Em mais uma prova de tentativa de obstrução da Operação Lava Jato, o senador Aécio Neves (PSDB-MG) foi gravado admitindo ter pressionado o atual presidente da República, Michel Temer, a trocar o diretor-geral da Polícia Federal, Leandro Daiello. Também no diálogo, o político indica que Alexandre de Moraes, recém empossado no Supremo Tribunal Federal (STF), tinha conhecimento das pressões do governo contra a Lava Jato.

“Foi uma cagada generalizada, mas eu tô, tô querendo apertar de novo amanhã, amanhã, o Michel nessa história. Acho que o Brasil tem que fazer uma operação, tem que fazer uma ‘mea culpa’ pra dar pelo menos mais um instrumento pros negociadores novos, pros embaixadores, pros diplomatas novos. O cara da Polícia Federal chegar e cair, né. Dizer o seguinte: ‘foi um erro de avaliação e tal, eram questões pontuais que não afeta, né, um ‘mea culpa’ do Brasil que o Michel não teve culhão de cobrar do cara pra fazer. [Eu] tava cobrando isso hoje lá, falar com ele pra fazer…” [sic], disse Aécio.

A declaração do senador tucano foi dada a Joesley Batista, dono da JBS, em encontro com o parlamentar no dia 24 de março deste ano, no hotel Unique, em São Paulo, e foi anexa ao acordo de delação premiada do grupo, nos autos da acusação contra Aécio no Supremo Tribunal Federal (STF).

A proposta do tucano era aproveitar os efeitos da Operação Carne Fraca no governo para admitir erros, mas apontar que foram pontuais e responsabilizar, por exemplo, a própria Polícia Federal, com a demissão do diretor-geral do órgão.

O senador ainda aparece na conversa criticando o então ministro da Justiça de Michel Temer, Osmar Serraglio, dizendo que ele não atua contra os avanços da Lava Jato:

“O ministro é um bosta de um caralho, que não dá um alô, peba, está passando mal de saúde pede para sair, Michel é doido.
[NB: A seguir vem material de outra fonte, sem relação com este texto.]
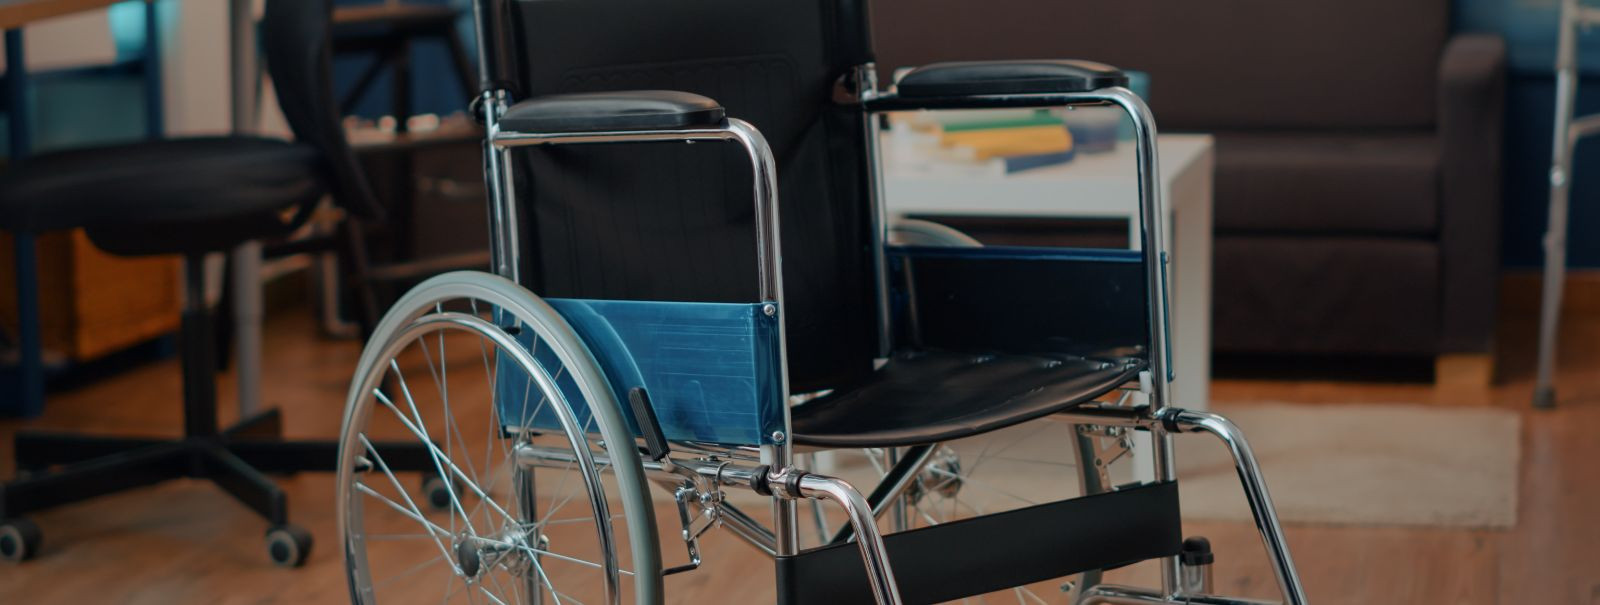 Õige ratastooli valimine algab kasutaja liikumisvajaduste põhjaliku ...

Veio só eu e ele ontem de São Paulo [em encontro do o presidente]. Mandou um cará lá no Osmar Serraglio, porque ele errou de novo de nomear essa porra desse… Porque aí mexia na PF. O que vai acontecer agora? Vai vim inquérito de uma porrada de gente, caralho, eles são tão bunda mole que eles não tem o cara que vai distribuir para o delegado”, afirmou, exaltado.

Depois, Aécio admitiu que poderia entrar na mira das investigações, concordando com Joesley, ao dizer que o diretor da Polícia Federal deve estar “alinhado”.

Outra acusação deflagrada na conversa de Aécio foi relacionada à nomeação do ex-ministro da Justiça, Alexandre de Moraes, ao Supremo Tribunal Federal (STF). Sem citar diretamente que se tratou de uma medida do presidente da República com algum interesse no âmbito da Operação Lava Jato ou de interferir no Judiciário em favor do mandatário e de aliados, sinalizou que Moraes tinha conhecimento das pressões de Aécio e Temer.

“E o Michel… Então nesse jogo nosso, ele teve um jantar ontem, falei Michel… Estava o Trabuco [Luiz Trabuco, presidente do Bradesco], tava o Pedro, … todos pressionando combinado com a gente”, contou Aécio, no dia 24 de março.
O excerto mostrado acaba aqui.